To give some practical examples, we will use an interesting situation to analyze how traditional logic and fuzzy logic behave. In this situation, we will try to create, at a conceptual level, a self-driving car system that allows our car to make the best decisions when another car approaches it.
According to the traditional method, our system will only be able to make 2 decisions: near and far. With the help of Figure 1, we can imagine the distance between the 2 cars as being divided into 2 halves, each half with its corresponding decision.
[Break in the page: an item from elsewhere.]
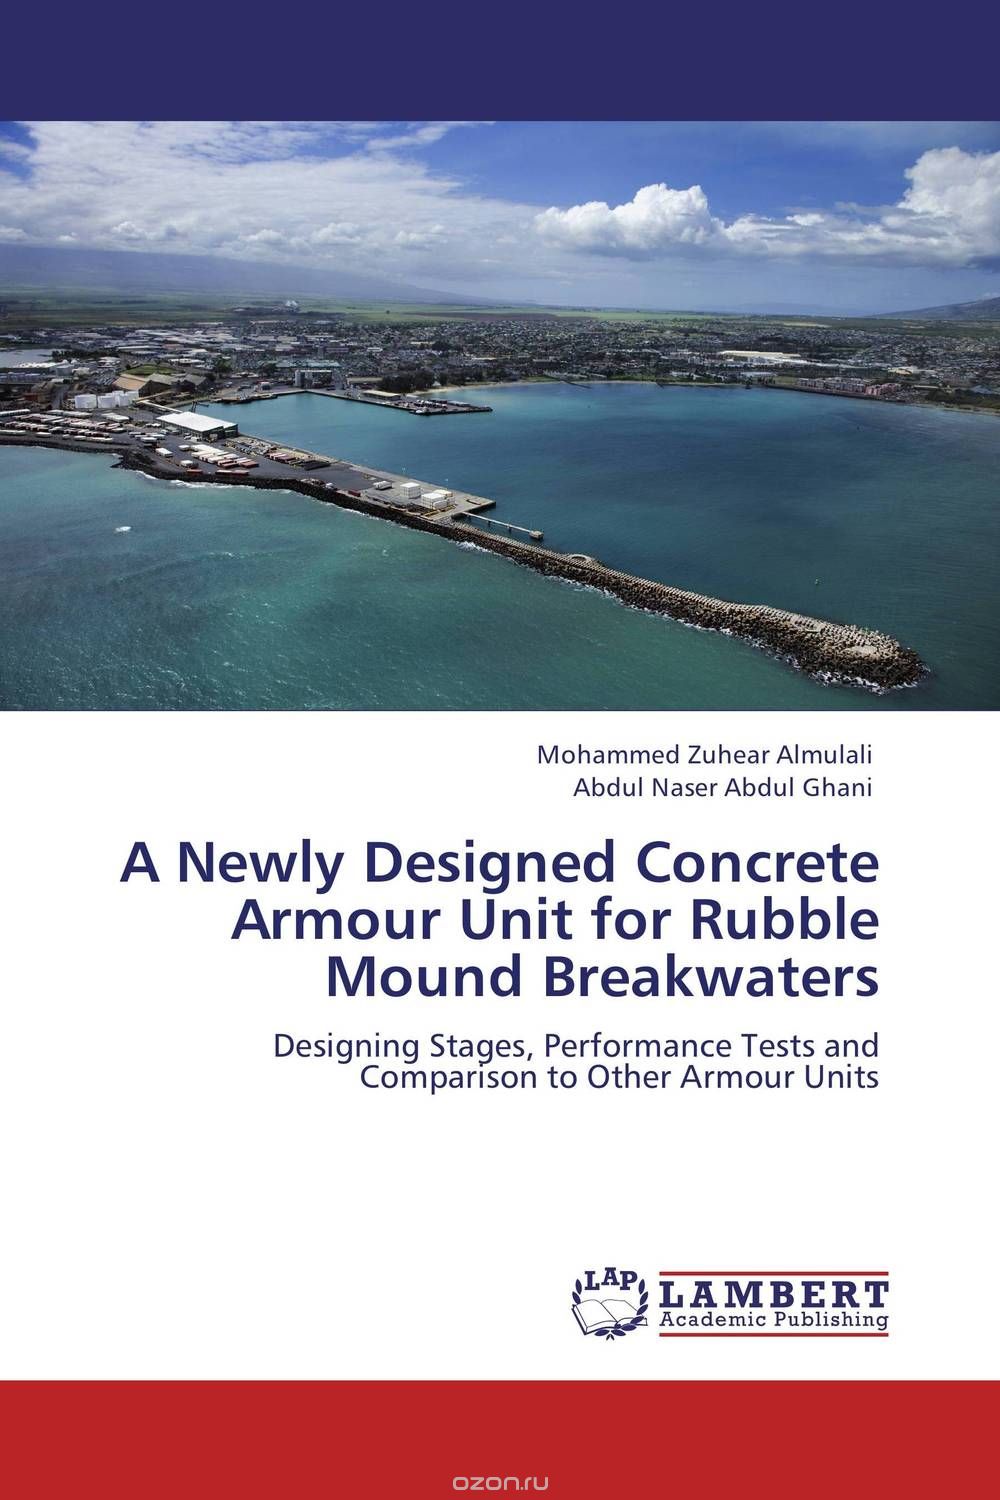 Скачать книгу "A Newly Designed Concrete Armour Unit for Rubble Mound Breakwaters"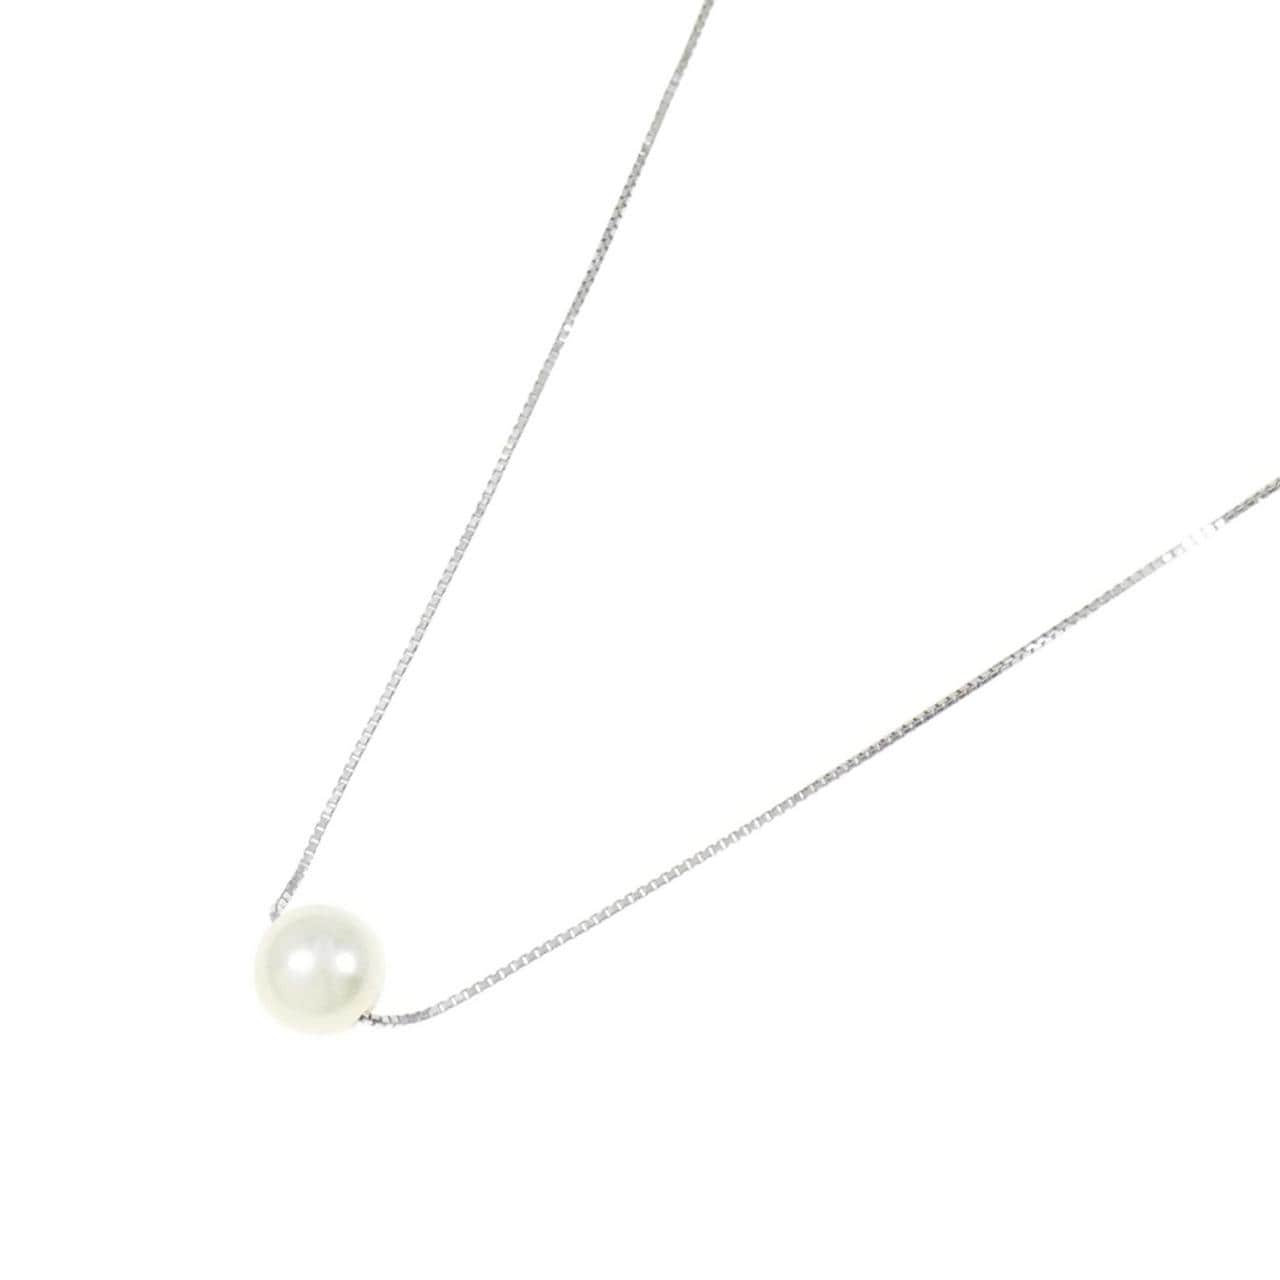 K18WG Akoya pearl necklace 7.5mm

The traditional analysis of the distance between the 2 cars means that we can make only 2 decisions, which can be formulated in an "if-then" structure: if condition then consequence.
If car B is near, then brake.
If car B is far, then don't brake.
If we assume that our car will always be faster than car B and we also take into consideration the rules above, then the system will always brake if car B gets anywhere close to our "Near" area, no matter how close, or far, the cars actually are. Once the distance between the cars is again in the Far interval, our car will re-start and continue until it suddenly brakes again because it reached the "Near" interval.
The approach that the fuzzy logic brings is that the answer will always be between 0 and 1, including these two. Therefore, the representation of the distance between the two cars will look more like a gradient, as shown in figure 2.
This way we can obtain sets of rules like the ones above, asking more natural questions:
Is car B close?
Answer: 0.2 (not very close)
If car B is as close as 0.2, then brake 0.2 (not so suddenly and strong).
Answer: 0.8 (pretty close)
If car B is 0.8 close, then brake 0.8 (pretty suddenly and strong).
The example above offers a more ambiguous answer to our question, an answer that can be found in the interval [0,1]. A fuzzy number has a fuzzy set as a correspondent and they can be associated (in this case, it's the set "not very close").
In a real situation, a self-driving car mechanism that would implement the fuzzy logic would be much better at imitating the human behavior, with the car being able to adapt its speed according to the distance between cars without suddenly braking.
This definitely made you curious about the algorithm that can be implemented in a fuzzy system. This implementation is a very natural one although it has some specific notions (they are suggestive though).
A fuzzy controller or a fuzzy mechanism is nothing but a car that uses the fuzzy logic. This controller can be a hardware or a software system or both, its purpose being to apply the fuzzy logic in such a way that it interprets the data like a human being would, but much faster.
The flow of such a mechanism is represented by the following steps:
Receiving measurement information from another system (in our case that would be a sensor that measures the distance between the 2 cars).
E.g: 4 m, 5 m etc.
Let's not forget that our system can only process fuzzy data sets. Therefore, we need to transform the data we receive from crisp data into fuzzy data. These transformations are done according to some metrics established by an expert in applicability.
E.g: 4 m represents a value of 0.3 of "Near".
The resulting set of fuzzy data is used as input in the fuzzy rules of the type if-then, which result in another set of fuzzy data.
E.g: If car B is 0.3 m close, then brake 0.3 (not very strong)
The last step means transforming the fuzzy data into crisp data, so that the systems that read the output from the fuzzy controller can take the right decisions.
E.g: 0.3 brake can mean lowering the speed by 30%.
However, the architectural details of a system that uses this type of flow makes for another discussion. I hope that the theoretical aspects I presented in this article have been clear and have offered you a detailed picture of the concept behind the fuzzy logic and the systems that implement it.
I recommend you continue to try and discover, on your own, the practical applications of the systems that use prof. Zadeh's line of thought. The benefits it brings can be incredible and can bring quality and precisions to any project you are developing.